The long answer is that MOST recent Alfas one sees in this country
since Alfa left in 1995, and older Alfas one sees here occasionally
which were never imported even when Alfa did sell to these shores come
from people who have emigrated to this country and who owned said Alfas
as their private property when they came here. These cars are exempt
from complying with anything save individual state smog laws. Some
belong to diplomats, of course, and they too are exempt from US safety
regulations AND local smog laws.
Other than that, there are two ways to for an American citizen to bring
the cars in:
1) Import it yourself, pay the importation bond to US Customs at the
car's port of entry (100% of the car's worth -as THEY calculate it, not
what you paid for it), and sign the paper agreeing to bring the car up
to full US specs in 180 days from the signing. Failure to do so will
have Customs officials on your doorstep in 181 days to confiscate said
car to have it crushed. Oh, yes, need I mention that you forfeit your
bond under this circumstance? I thought not.

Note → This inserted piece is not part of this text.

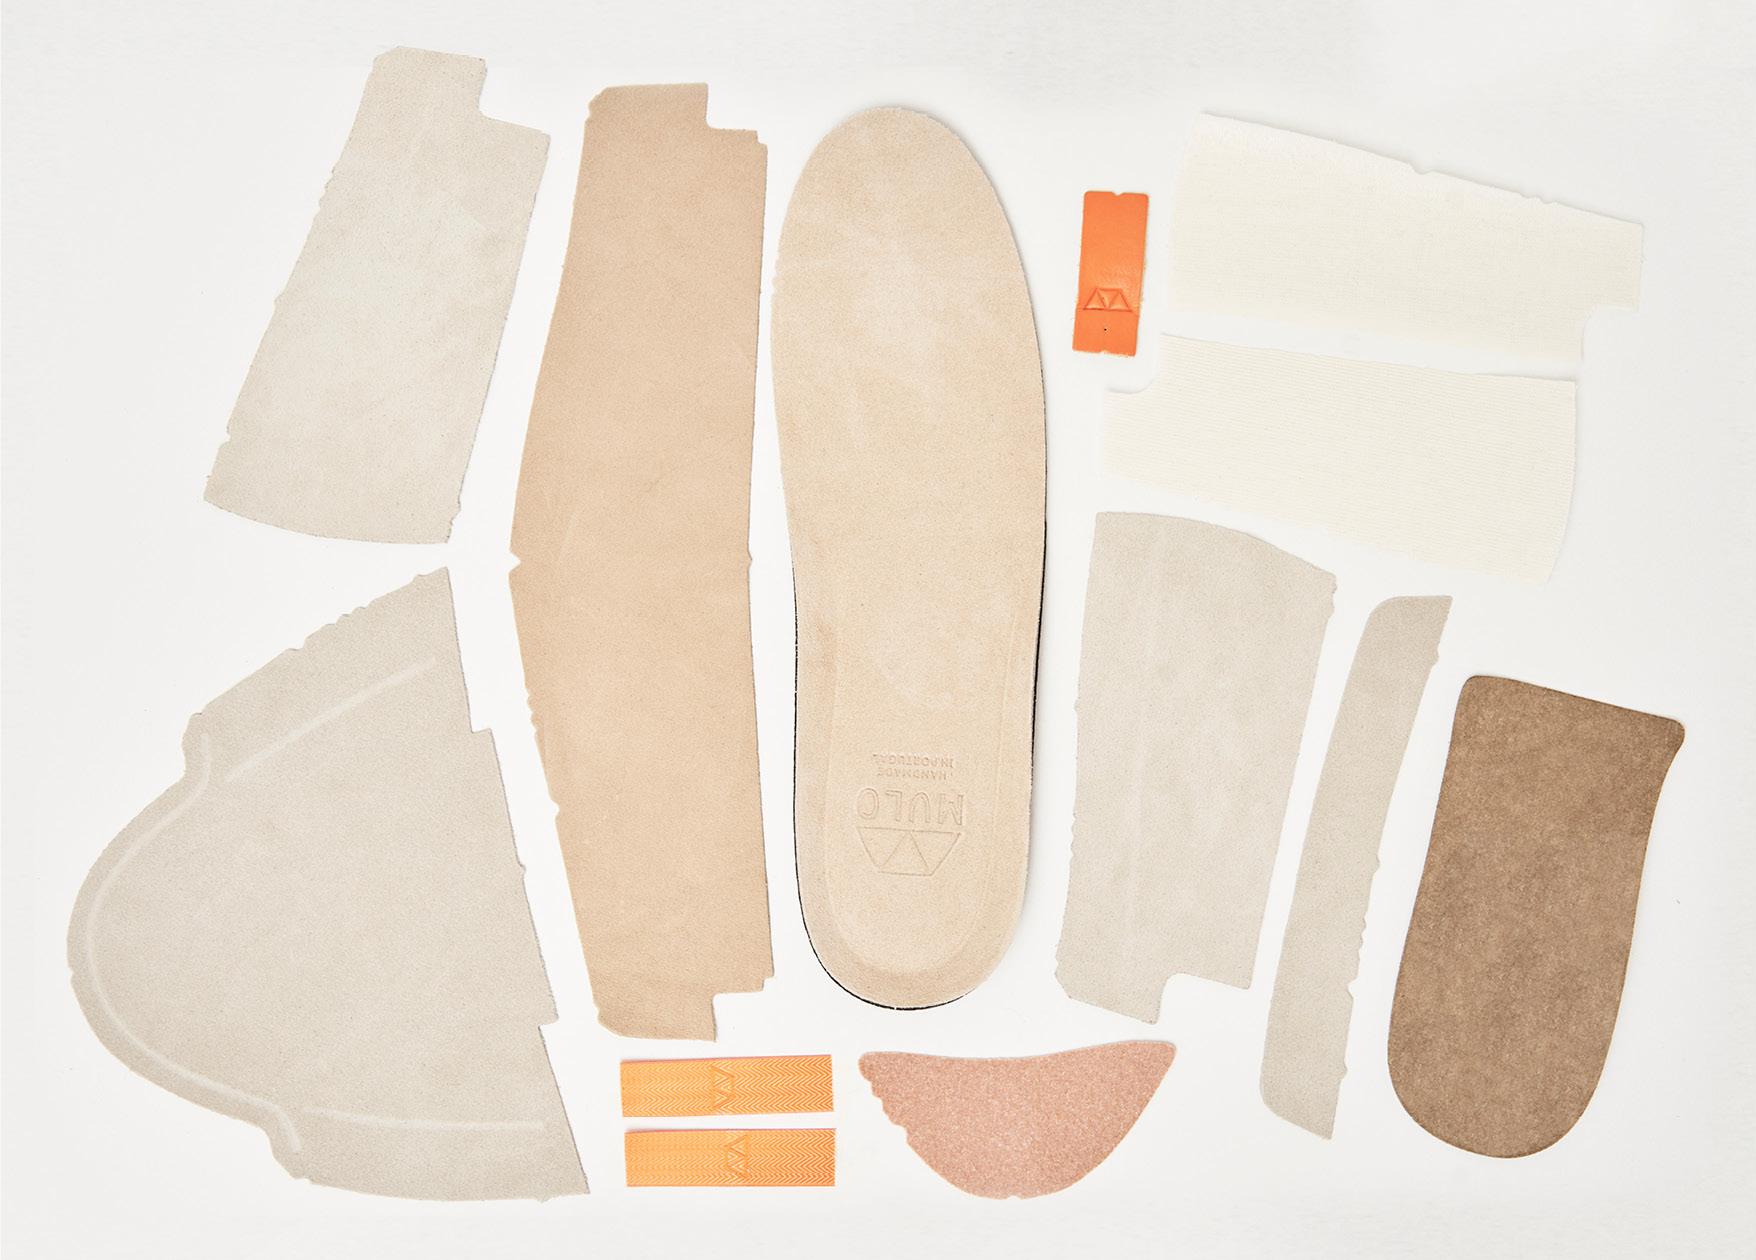 MULO shoe components

At any rate you CAN'T make it comply, so don't even bother to try. Why?
Because Alfa Romeo has never made US approved glass, running lights, or
impact absorbing bumpers for these cars and having these things
fabricated is simply out of the question.
2) Go to a professional gray-market importer. They MIGHT be able to
find a way to bring the car in. But be prepared for disappointment
-modern cars are notoriously difficult to bring into compliance due to
their complexity. If they do find a way to get around this stuff (they
know loopholes in the laws that you and I don't), be prepared to pay a
50-100% premium over the FOB selling price of the car for the privilege.
There is one other way..... If AutoDelta USA EVER gets their act
together and starts selling some Alfa models under their name, you will
be able to buy a current model V-6 Spider, a V-6 GTV-6 Coupe, or a 166
sedan but without the name Alfa Romeo on it anywhere. Be prepared to
pay about US$45,000 for the Spider, US$50,000 for the Coupe, and
US$60,000 for the 166 sedan. This is about 30-40% MORE than these cars
cost as Alfa Romeo's in the EU. Then you have the enthralling project
of buying badges and logos and door sills etc. from European sources to
turn your US legal beauty BACK into an Alfa Romeo.
I hope this answers your questions.
George Graves
'86 GTV-6
On Saturday, Jan 4, 2003, at 17:44 US/Pacific, alfa-digest wrote:
Date: Sat, 04 Jan 2003 13:15:30 -0500
From: "Ryan Kundrat" <ryankundrat@domain.elided>
Subject: importing
So I'm sure this has been beaten to death, but can anyone point me in
the
direction of some information regarding importing non-us spec cars (ie
a
156 sport wagon...) I saw that white 155 in New Jersey listed on eBay
a
few weeks back. How did that get here? How is it legal? Thank you.